▸ DATA FOR PROCESSING:

•••

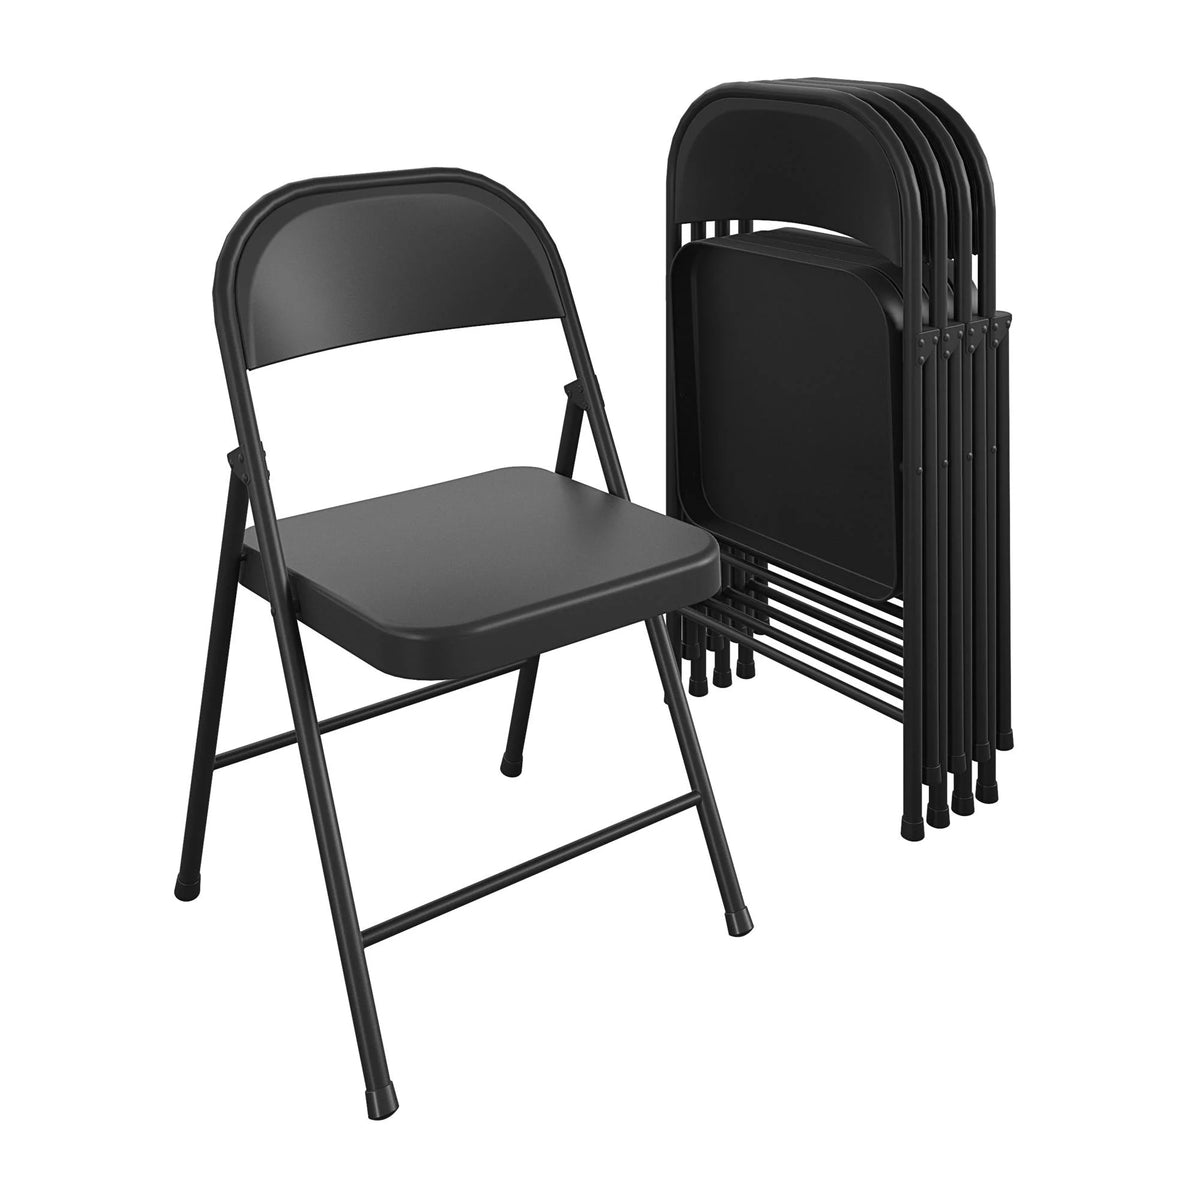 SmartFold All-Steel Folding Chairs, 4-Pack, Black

•••

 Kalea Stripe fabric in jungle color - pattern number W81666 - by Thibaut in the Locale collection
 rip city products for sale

•••

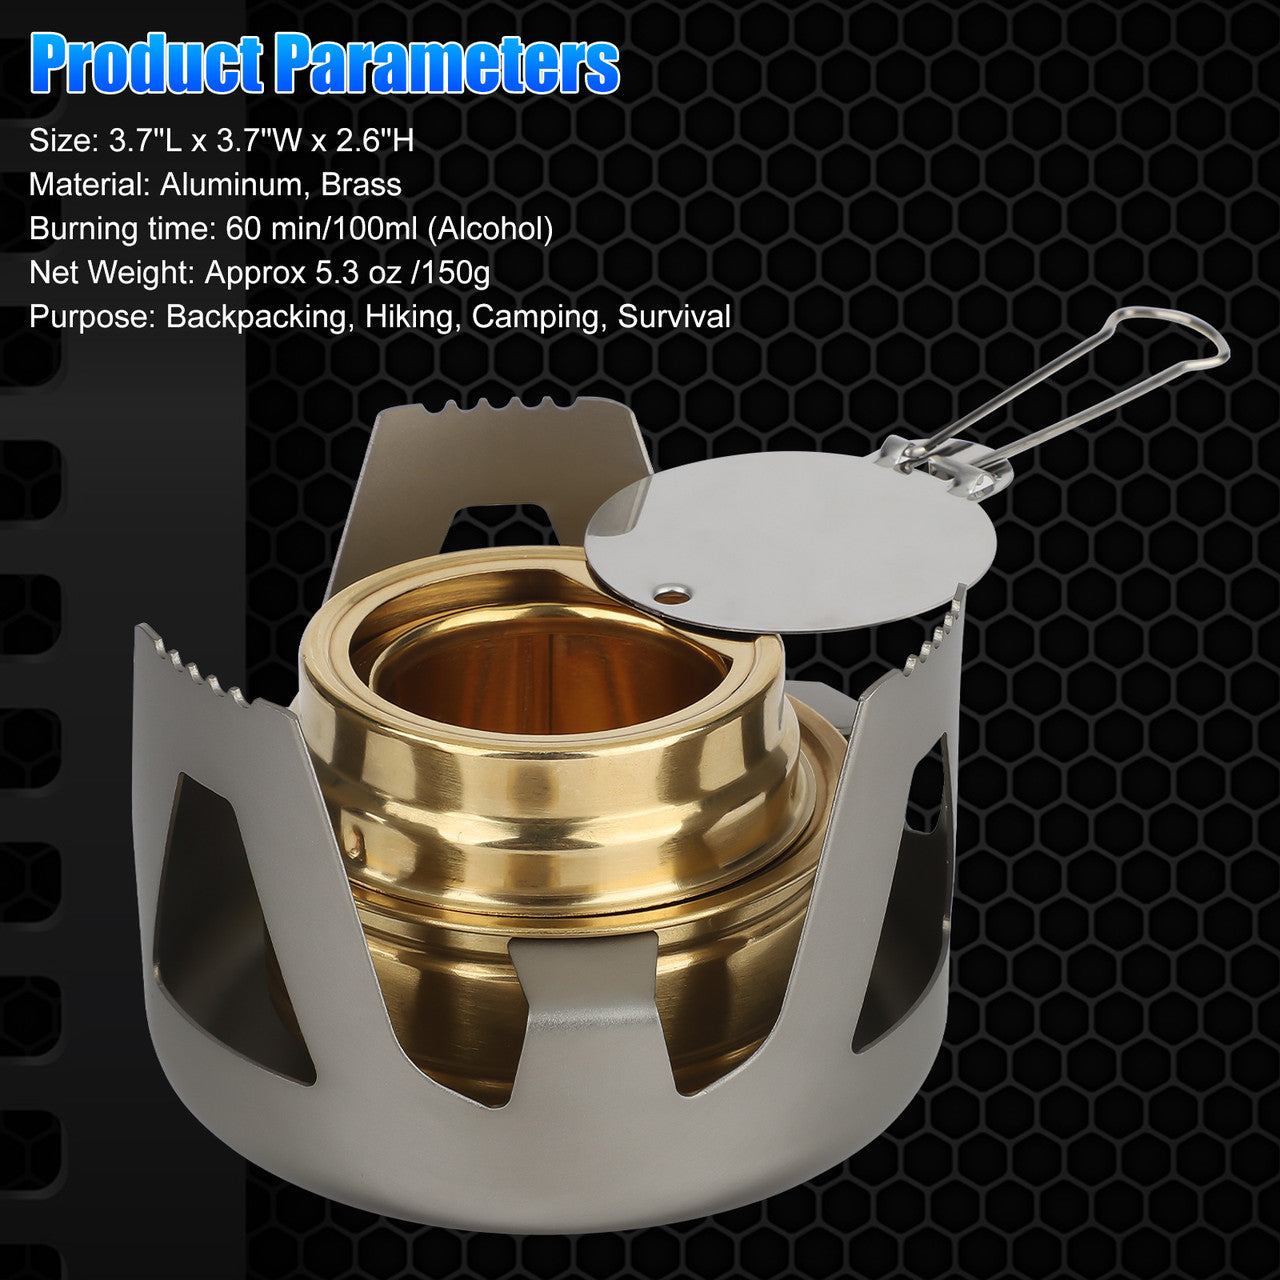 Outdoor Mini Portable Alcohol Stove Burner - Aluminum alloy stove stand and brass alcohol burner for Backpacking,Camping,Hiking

•••

Working from the data above, extract solely the lines from the one containing "Kalea Stripe fabric" through the one containing "rip city products for sale", exactly as they appear, both included.

▸ FINISHED EXERCISE:
 Kalea Stripe fabric in jungle color - pattern number W81666 - by Thibaut in the Locale collection
 rip city products for sale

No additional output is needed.